Could it be that, in addition to conveying a story I never wanted anyone to hear, I am also conveying a story based upon a person who didn’t even reciprocate my love? Surely it would be better to quickly swallow up my emotions; erase the words, and instead construct a story based upon my love towards an inanimate object, something that could never have loved me back and therefore not risk the horror that the love was all one-sided.

No one begins to love with the intention of being gratified by its return. It’s something we later hope for. My feelings cannot be altered or invalidated if they stand alone. I still felt love. It’s still mine.

The details of the rest of that summer pervade me, as if my mind is trying to trick me into believing that’s ‘THE END’, no more words and nothing else will have happened. Two lovers eternally trapped in one scene as Keats so desperately wanted in his Grecian Urn, or the scriptwriters of the Sex and the City Movie who perpetually retain Carrie and Big in their shared apartment, stuck in the movie, knowing there need be no sticky conclusion for now, who wants an end, an ‘it’s over’, goodbye folks and don’t let the cinema door hit you on the way out.

As it goes, there was a conclusion; I struggle to blame anyone but myself for smudging the picture that was being made. Being my usual melodramatic self, I remember overreacting to something; most likely because I was again becoming comfortable in our relationship, and with comfortableness sometimes means treating those closest to us in a lesser manner than we rightfully should.  As we were both too proud to admit our faults, nothing was resolved.
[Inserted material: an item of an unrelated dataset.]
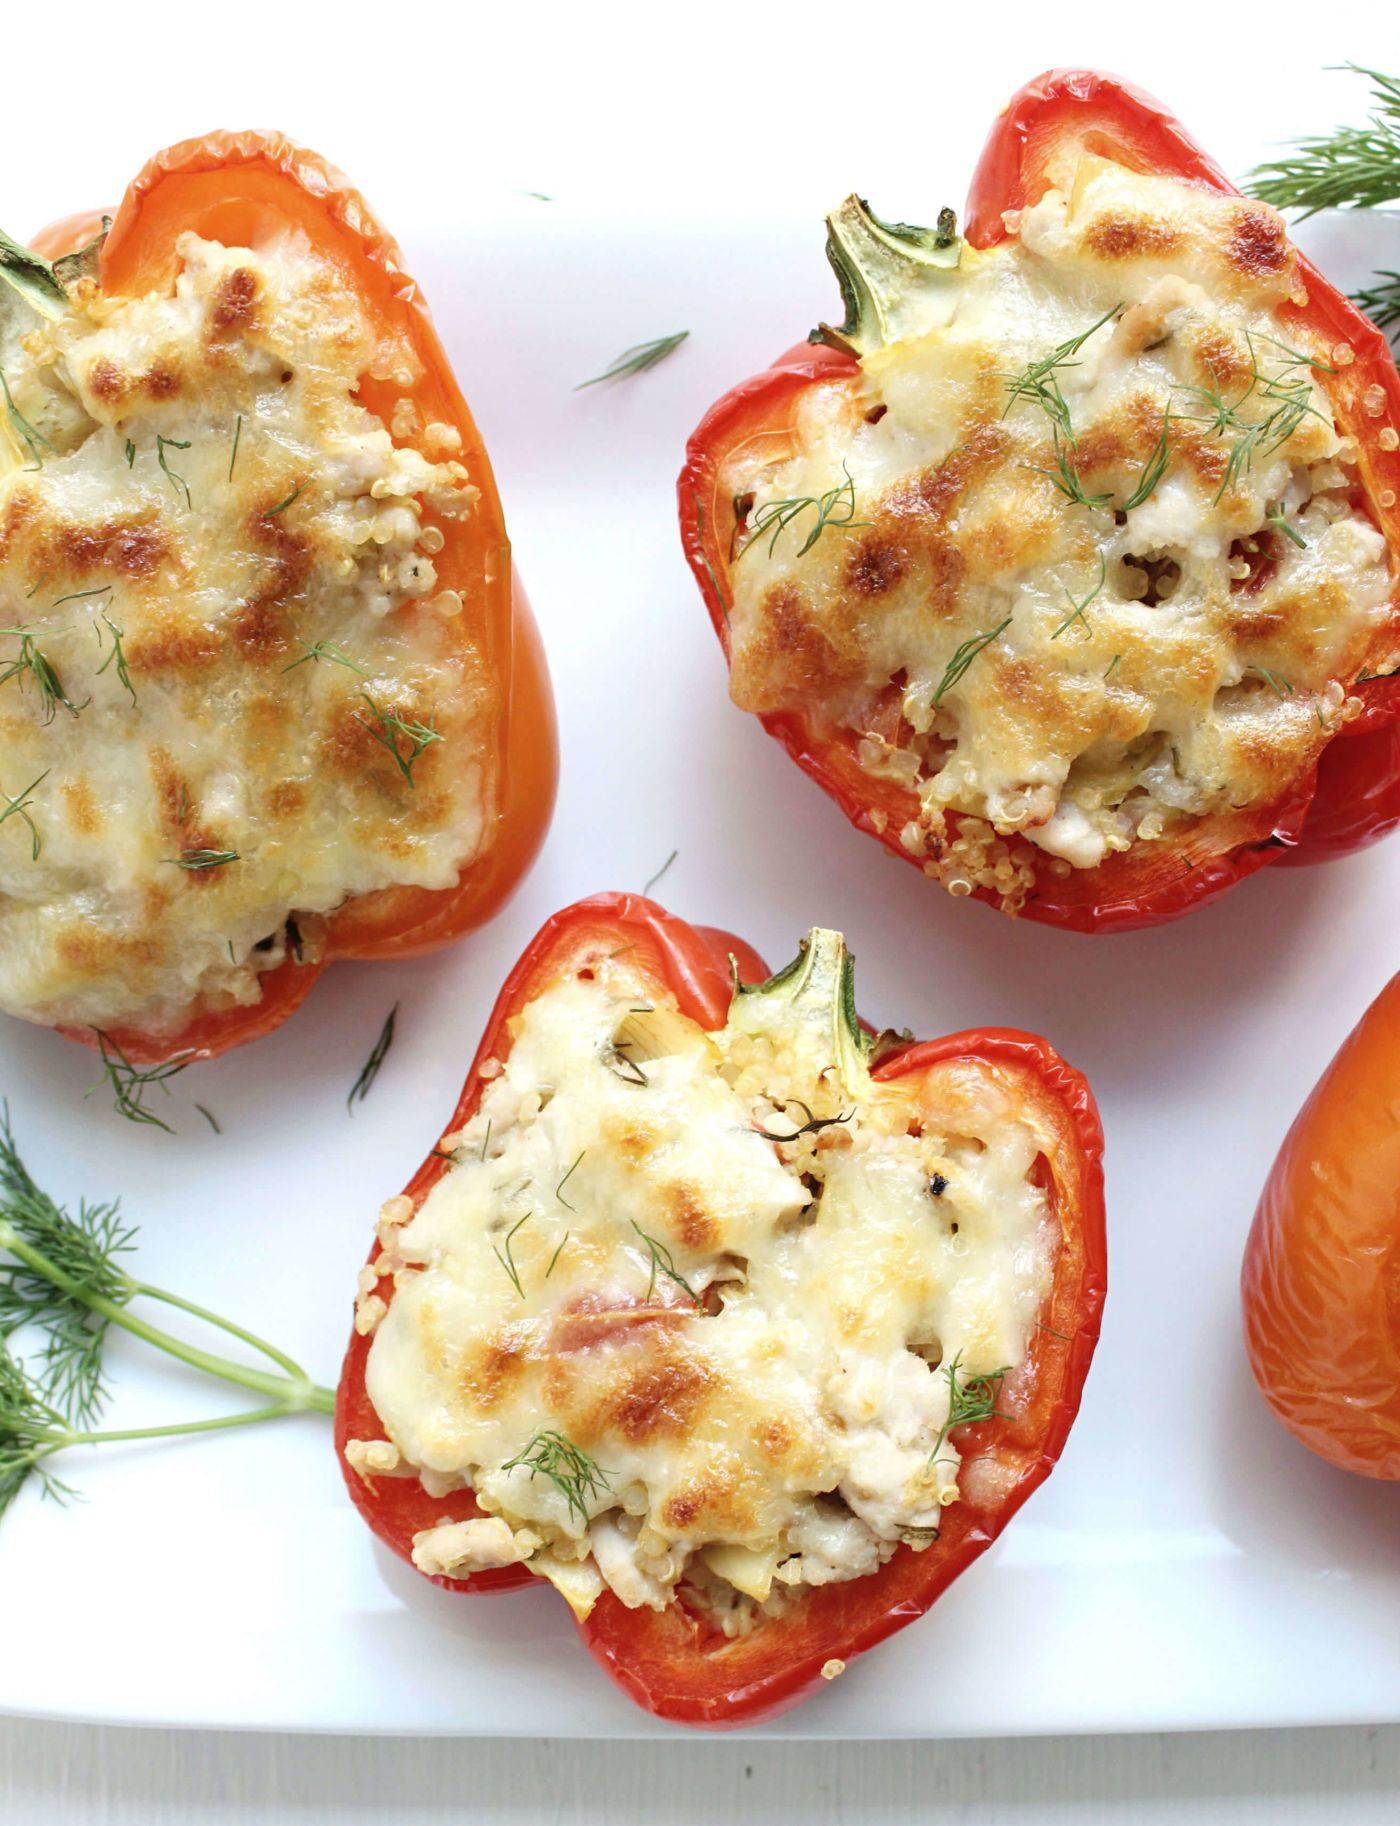 21 Of the Best Ideas for Easy Healthy Dinners for Two - Best Recipes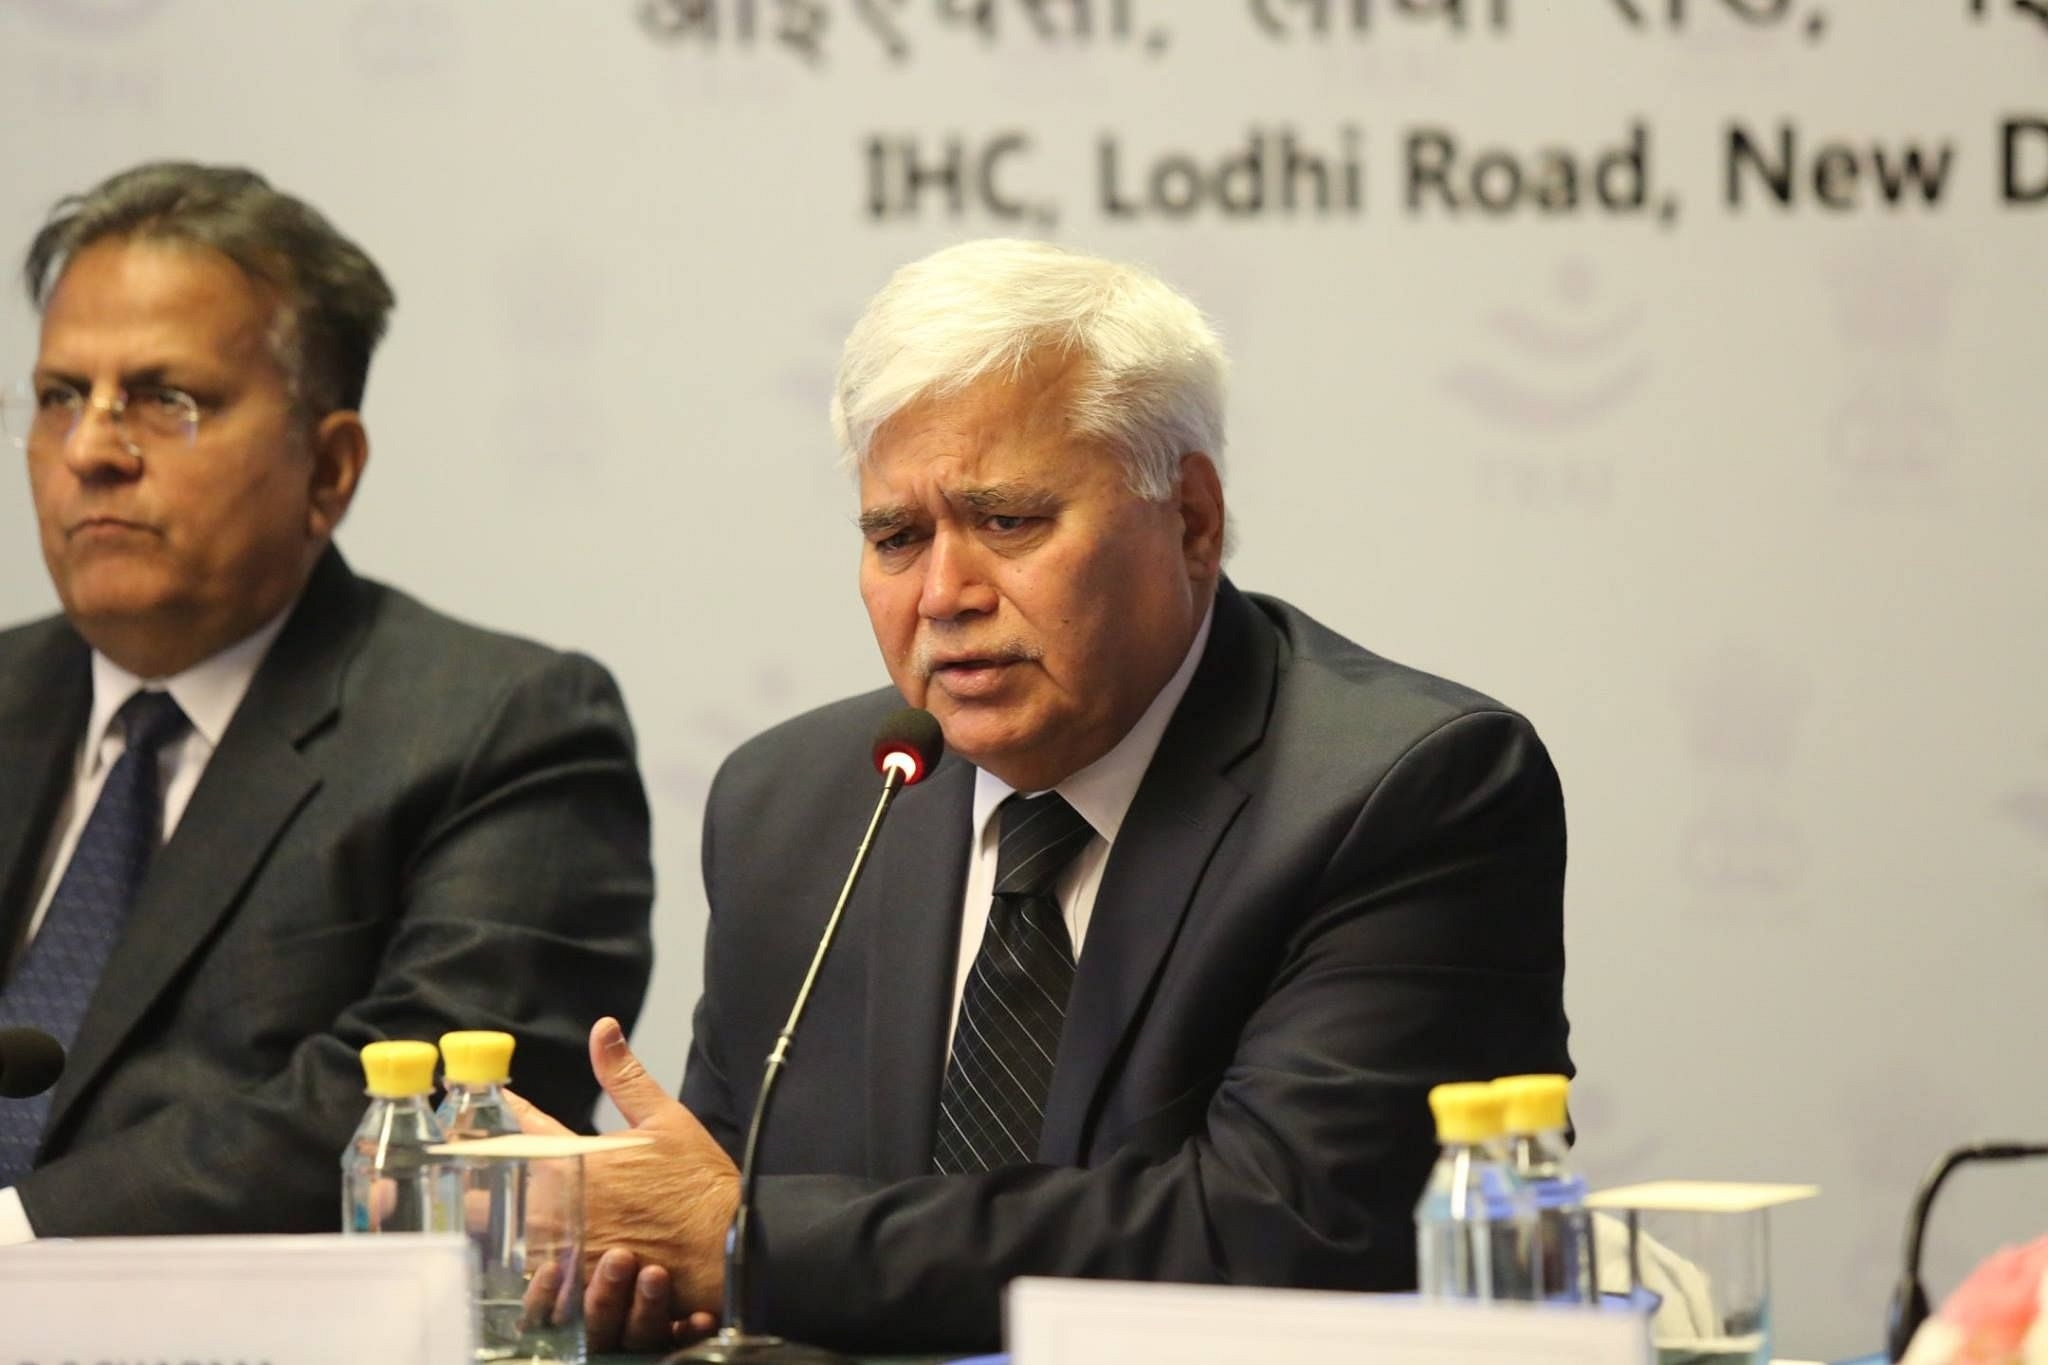 Chairman of TRAI, RS Sharma said that the body had recommended many measures to lower the levies on the sector and help to improve the operator’s financial health. (image via Facebook/TRAI -Telecom Regulatory Authority of India)

My main regret was not realising until it was too late, that in all the jovial comments about once more cementing the status of our relationship, while I was enjoying the freedom of our friendship, there was a truth and a need for reassurance in those words.

My first love will always hold me in its claws, whether it is the person or the purity of those feelings that grasps at my heart reins. In either instance, it is an experience for which I am eternally grateful. Can we, will we ever love in the same way again?  If we allow ourselves to do so, to give ourselves to someone completely, unconditionally, inexplicably…perhaps.